The only 2 times you should do aerobic exercise


Aerobics (prolonged steady state submax cardio) is not very good for many health or fat loss related benefits. I already did a post on why aerobics sucks for fat loss. And then I went over the health benefits of interval training versus steady-state aerobics in my article on interval training for fat loss.

But I have to admit that aerobic exercise has its place. It can be a useful tool for removing stubborn body fat in the areas that men (abs) and women (butts, hips, and thighs) have the most… But… only if you do it on one of these two occasions (and I’ll also explain why!):

#1 Time to Do Aerobics: After Interval Training

First let’s see what intervals and aerobics do to your body…

Cardio (aerobic) target heart rate at steady state. It uses fat for energy, but the problem is that it takes a long time for the body to start using fat as fuel for this type of cardio.

High intensity interval training. It burns glycogen and releases fatty acids into the bloodstream, but it doesn’t use those fatty acids for energy, which means they are redeposited in fat cells.

This is how you get the two best worlds:

1. Do your 12 minutes or less of interval training
2.Wait 5 minutes
3. Do 20 (maximum 30) minutes of constant cardiovascular exercise (aerobics)

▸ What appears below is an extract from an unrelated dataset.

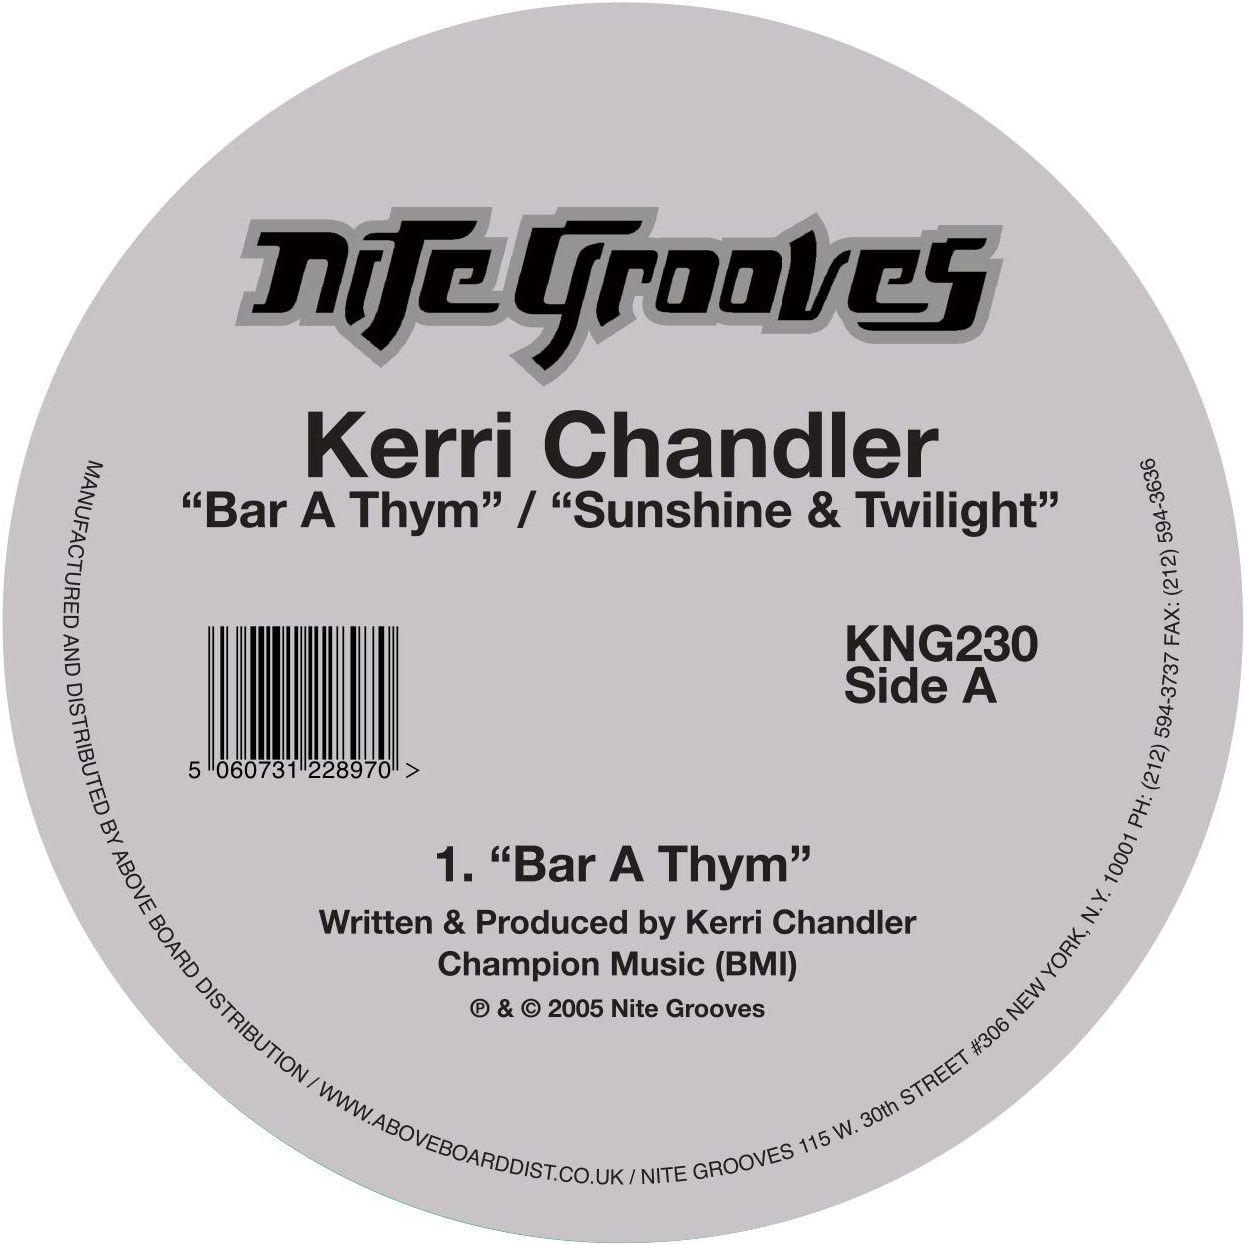 Kerri Chandler - Bar A Thym / Sunshine & Twilight

When you do it this way, HIIT followed by 5 minutes of rest guarantees a huge release of fatty acids into your bloodstream, which means you’re guaranteed to burn fat for fuel when you do your aerobic exercises. Ready huh?

Time #2 You Should Do Aerobics: After Weight Lifting

Intense weight lifting is very similar to high intensity interval training in the effects it has on your body, the fuel it uses, etc. So the only other time you should do aerobic cardio is after lifting weights.

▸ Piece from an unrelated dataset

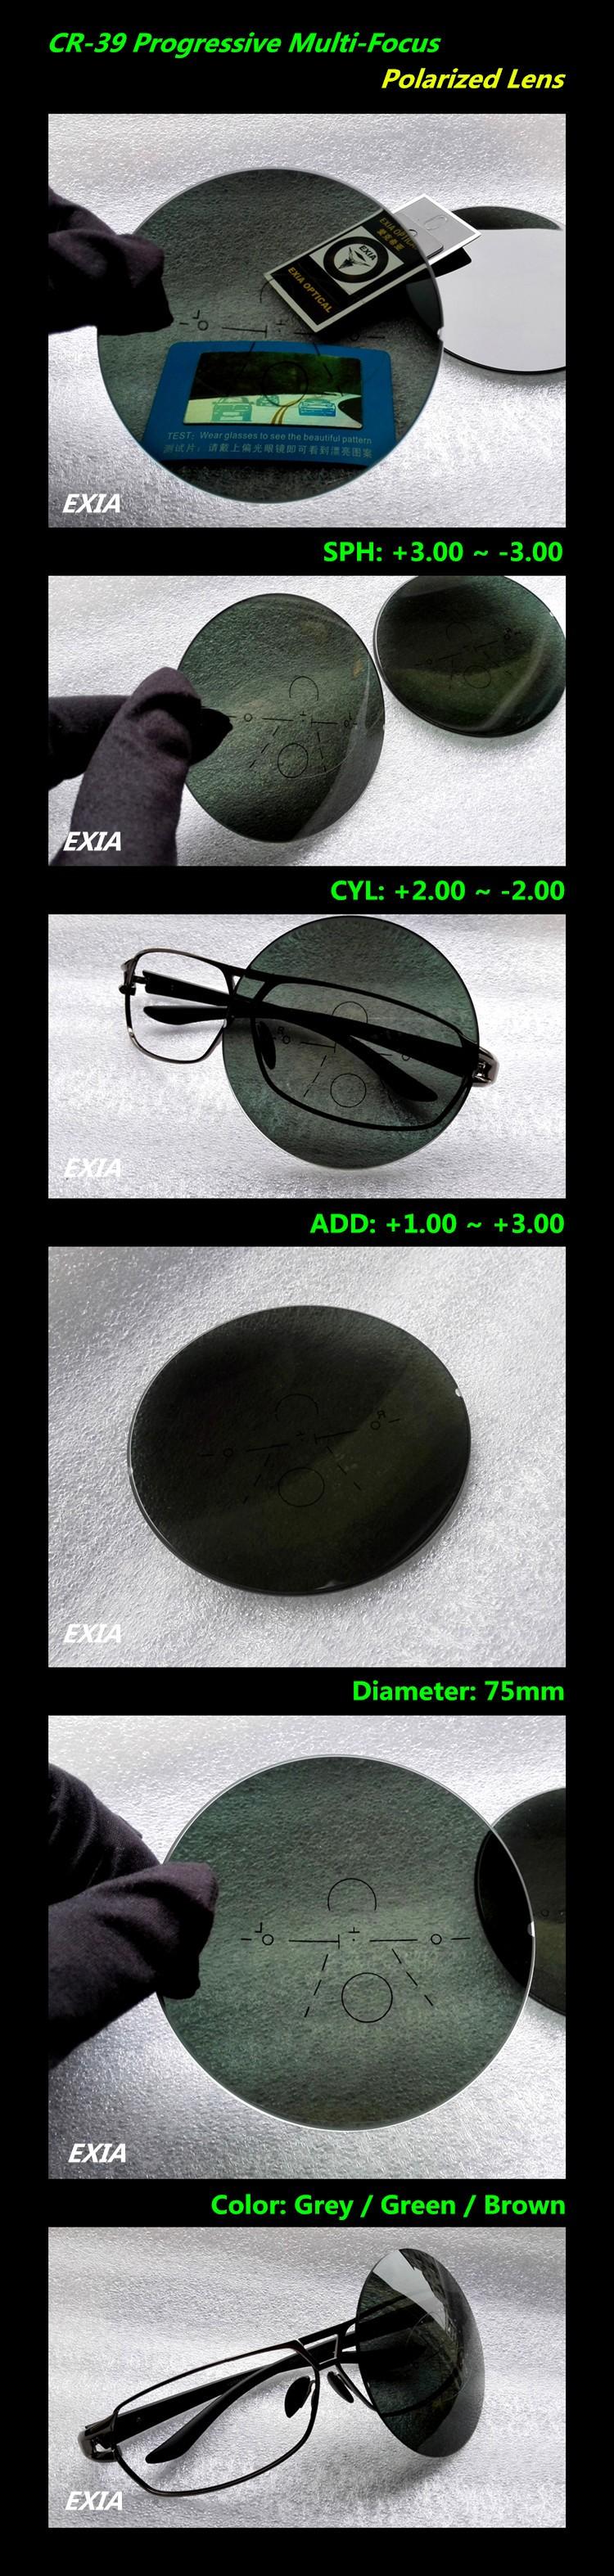 717a889d412 1.56 Index Optical Progressive Polarized Grey Sunglasses Lenses ...

I recommend 20-30 minutes of low to medium intensity steady state cardio after weight lifting.

why you should know this

CNS Overload: If you’re lifting heavy weights, focusing on strength, doing low reps with heavy weights 3 times a week, you’re working your central nervous system to increase your strength (mostly). Interval training on your “off” days can be overwhelming for some people, steady aerobics after weights is a good option if that’s the case for you.

Stubborn Fat: If you are already 10-12% body fat (guys) or 15-17% body weight (women) and need to get SUPER lean then you should use HIIT followed by aerobics on this case. It will help shed those last stubborn pounds.